Provides utilities for creating set partitions.
@author: eposse
Given an iterable object l of comparable/hashable objects, return a partition table, namely the quotient of the set of elements in the list with respect to the equivalence relation given by the equality operation between the objects (as implemented by the __eq__ method).
This partition is a dictionary p, whose keys are elements of the list, and for a given element x from l, the corresponding value p[x] is the list of all elements y in l such that x == y.
The partition is computed as follows:
For every item x in the list l, check if there is already an entry p[x]. More precisely, check if there is already a key y in p such that x == y. If so, add x to the list p[y]. If not, create a new entry p[x] and set it to be the list [x].

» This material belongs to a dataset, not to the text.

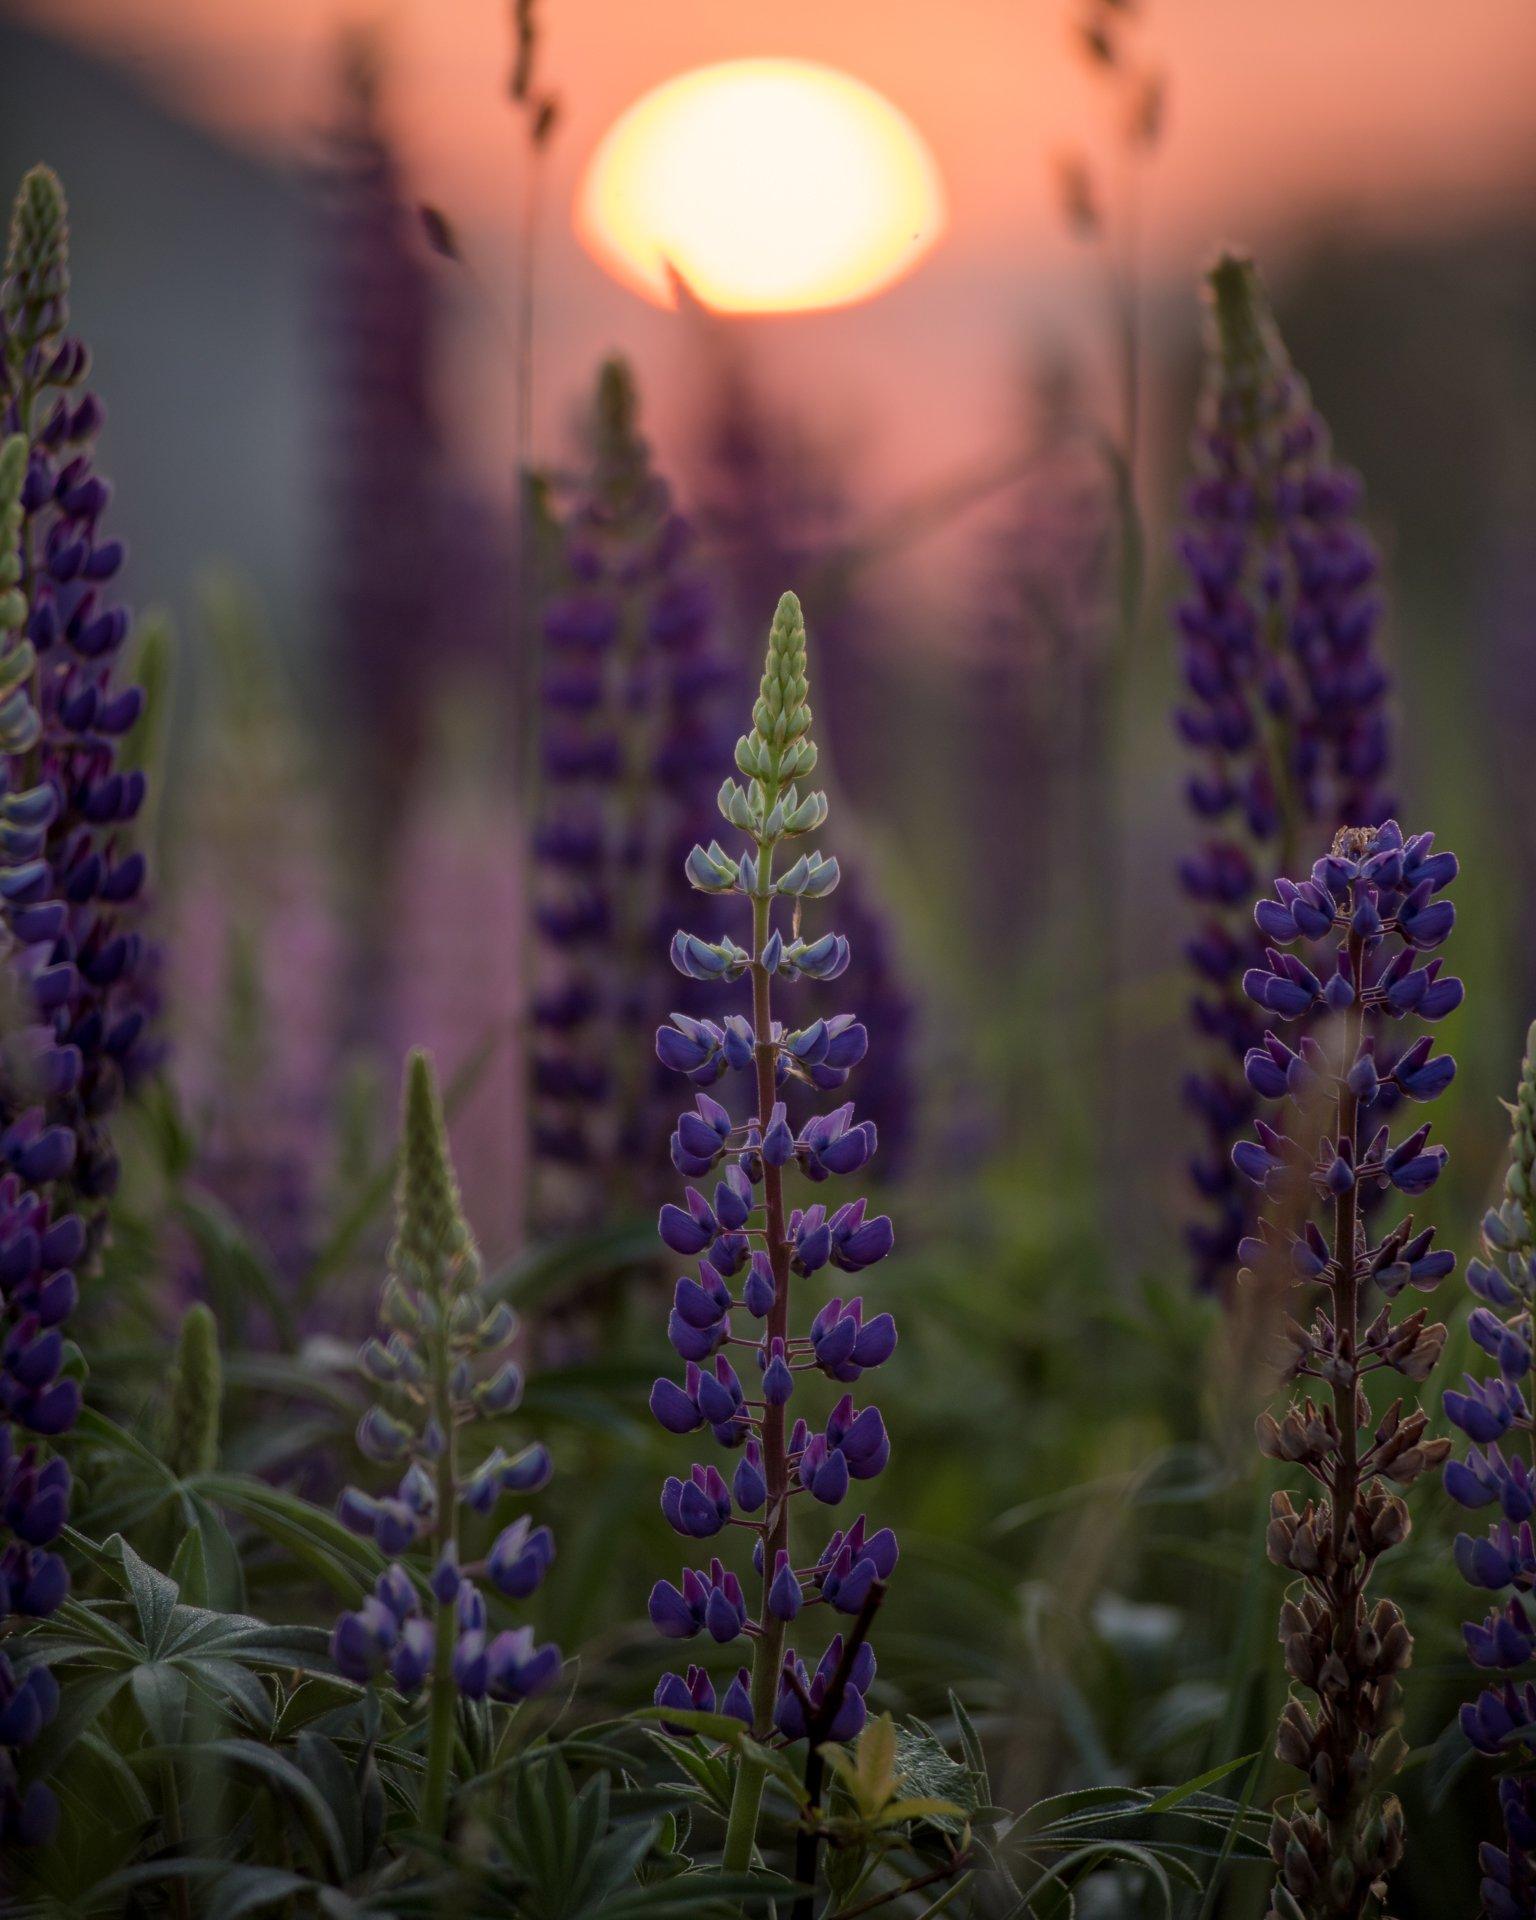 люпины, рассвет, великий новгород, цветы, лето, жара, июнь, Роман Ф

The result is computing by taking advantage of the semantics of dictionaries in Python: the __getitem__ operation invoked when accessing the entry p[x], first computes the hash value of x to get a quick access to the underlying table, and then, if there is a key x’ in p with that hash value, Python checks to see if id(x) is id(x’). If so, they are the same object. If not, Python tries to compare with equality: x == x’. If they are equivalent, they are assumed to be the same key, because all hashable objects x and x’ which compare equal, x == x’, must have hash(x) == hash(x’).
Like create_partition, but the partition is created with respect to the equivalence relation eq, rather than the __eq__ method of objects in l.